I don't think discouraging melee serves the game well. In fact, if anything melee ought to have a bonus so it's encouraged. That way you have miniatures running around your battlefield, ducking behind terrain, running from the foes closing in on them, and so on. The Space Station Zero games I played before I noticed the difference in melee rules were a lot more fun than the games I played afterwards. These days, I ignore the added danger to melee, and actually move my crew and the enemies around the board.

Terrain

And that's another thing. I don't think there's enough terrain in the game. There's a random table for terrain, and the "best" possible results are two large terrain (5x5 inches) and two pieces of scatter terrain. There are several scenarios in the campaign that ended up being completely open.
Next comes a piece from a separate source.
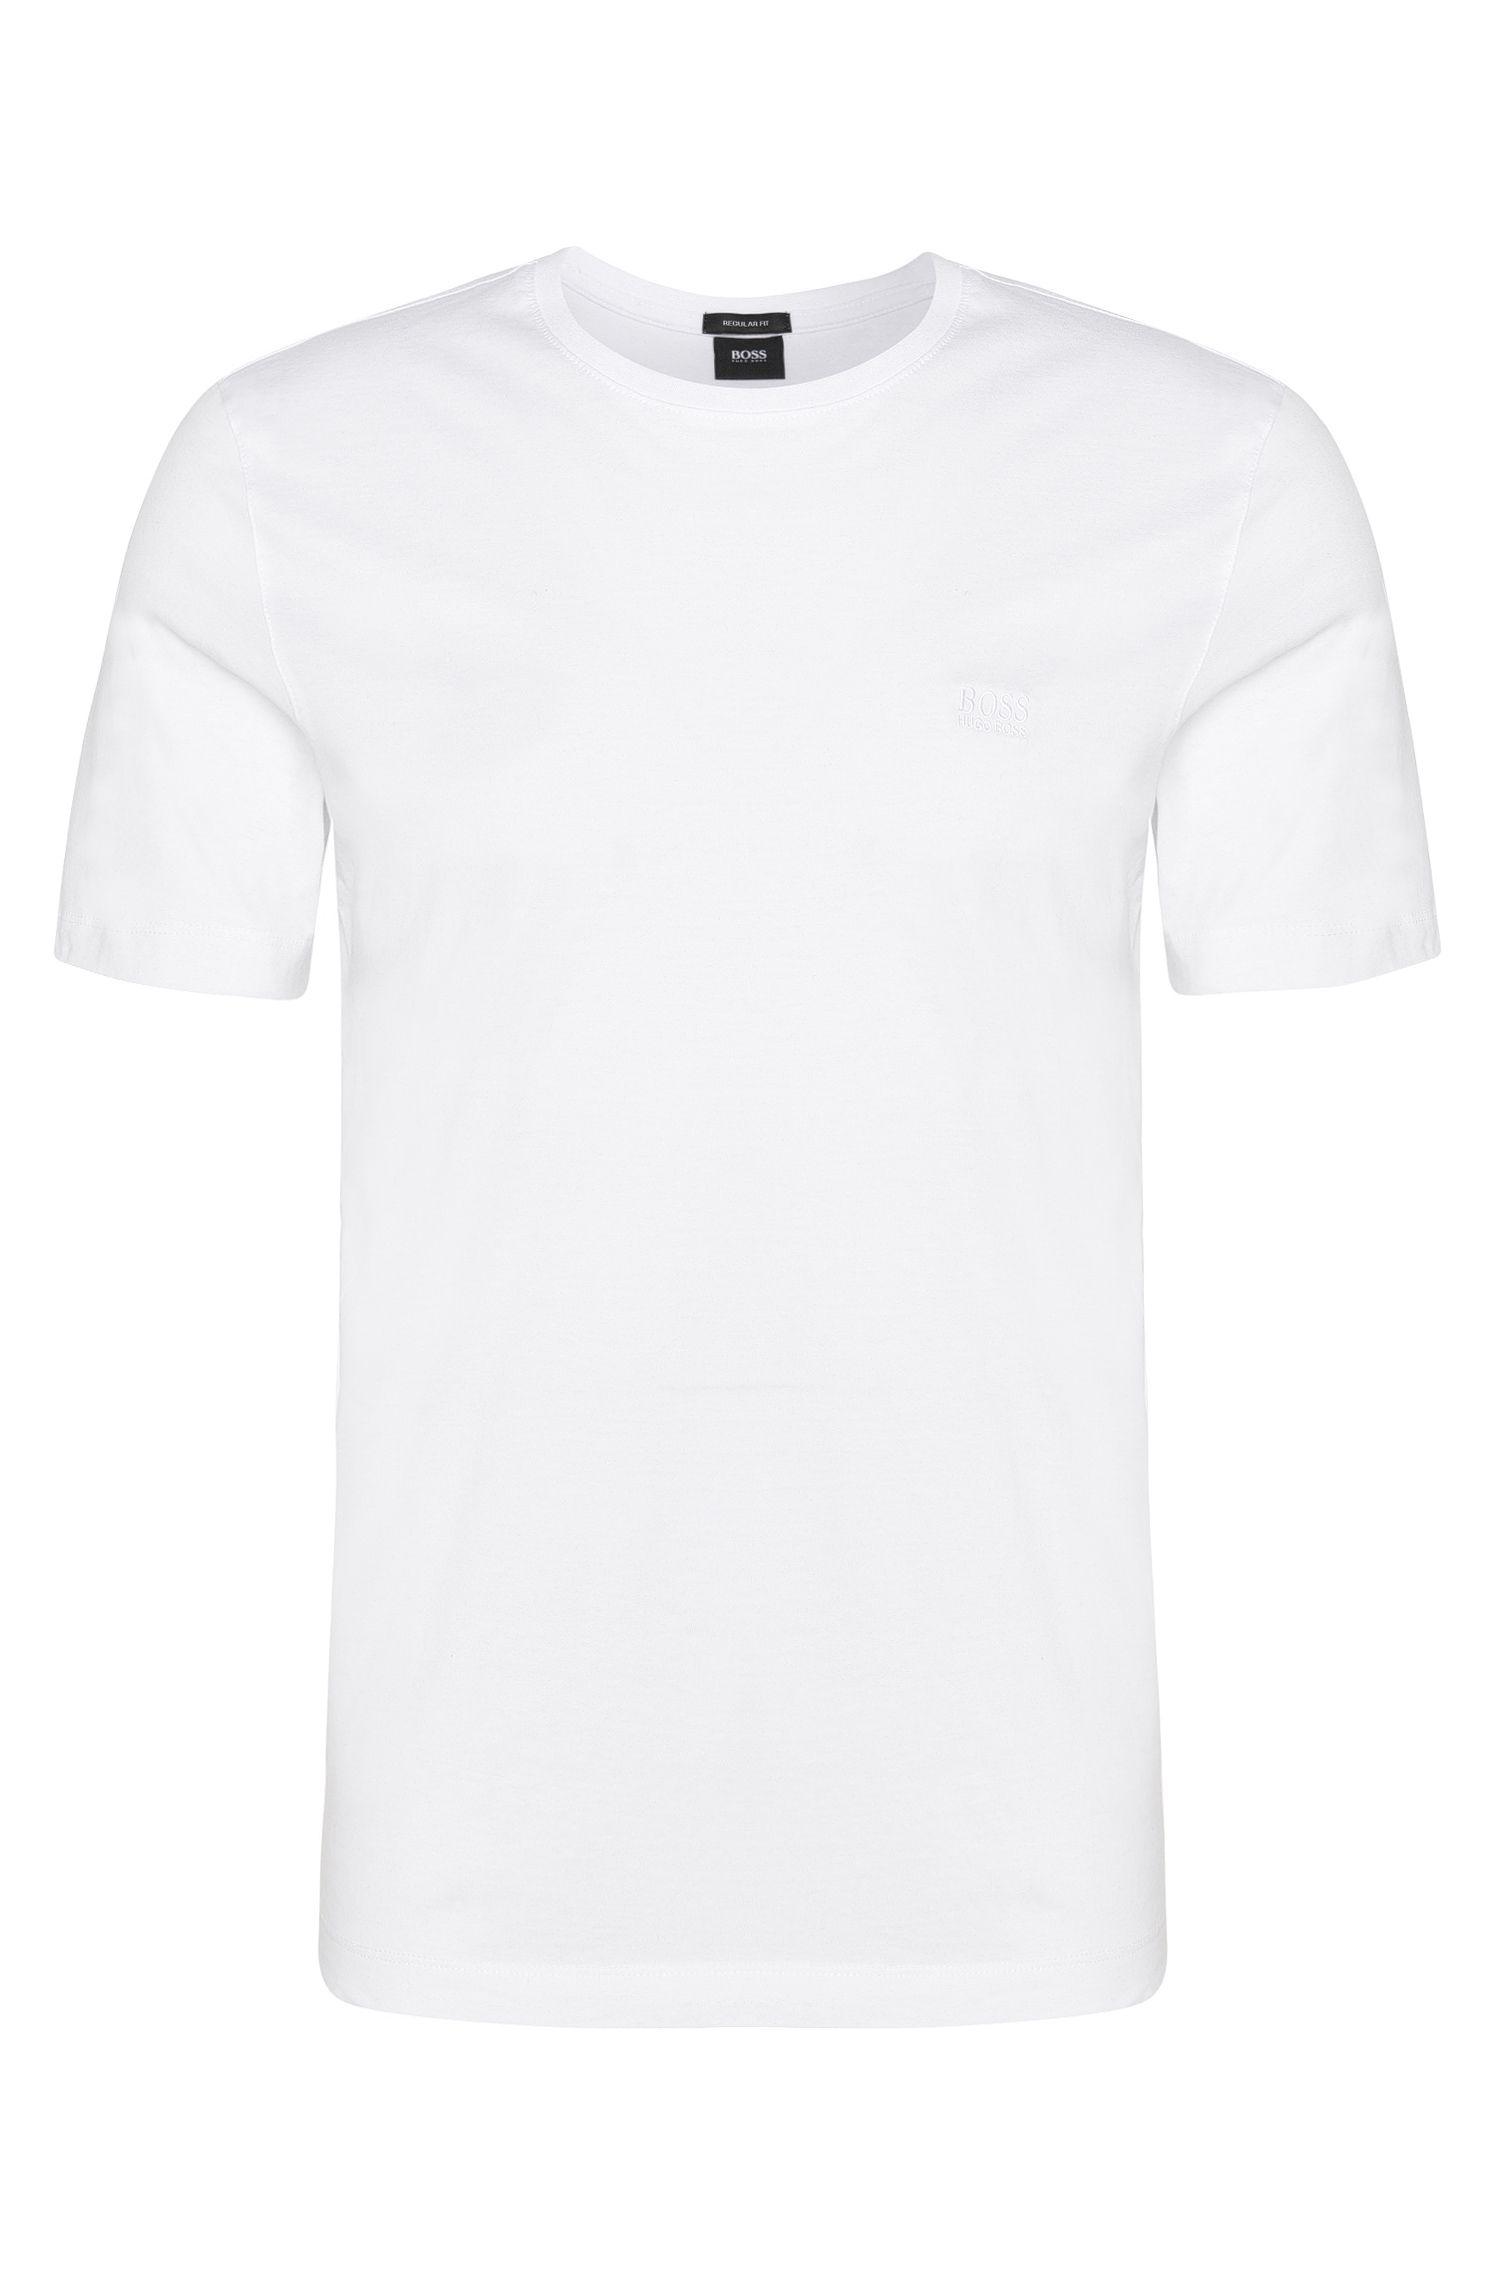 Doppelpack Regular-Fit T-Shirt aus Baumwolle: 'Twins 01'

That's thematically appropriate, maybe, but it's not all that fun for a wargame, especially given that the ranged weapons in this game have no limit. Setting up two lines of miniatures on the opposite side of your gaming table, and then never moving them again, and rolling dice, does not a dynamic wargame make.

Fun game

The game mechanics are nice, but I think the campaign is the thing that compels you to keep coming back for more. Every room of the space station is something new, and it's so much fun to turn to the next challenge and find out what you've stumbled into this time. And then there's the process of constructing your battlefield! There are maps for each room, with starting positions and major terrain features marked on the map. I've got 3 or 4 sci fi buildings I use for my battlefields, and some junk I've painted into industrial-style structures, so with each room I get to pick through my modest collection and figure out what gets to play which role. It's also a lot of fun to pick out monster miniatures for the enemies, and I love that the endless variety of baddies in the campaign has given me lots of opportunities to play with miniatures I otherwise would probably forget about.

Game system

Space Station Zero is a fun game, and a nice and simple battle system. Some of its terminology is a little imprecise (is a "number" the thing displayed on the dice, or the number of even digits displayed on the dice? is a "crew" the same thing as a "crew member"?) but mostly the rules are clearly written, easy to understand, and a pleasure to play.

Its narrative campaign is punishing, but if you're either a masochist or willing to adjust rules, it can be entertaining.

As a general rule set for miniature battles, it's genuinely fun and simple to use. With a few modifications to the rules (dropping the melee penalty, especially), it's a good simple system for any given scenario (capture the flag, secure the objective, last man standing, and so on) you might find in a White Dwarf or on Wargame Vault.

Best of all, it doesn't care what miniatures you use. It's pretty easy to drum up stats for whatever collection you own, and play using these rules. Its gear list is pretty minimal, so you might feel compelled to invent your own gear to either match what your miniatures appear to be carrying, or just to add variety to the battle.

I don't think this is an appropriate game for a beginner, but if you're an experienced wargamer or a hobbyist game designer, this is a fun system to tinker with.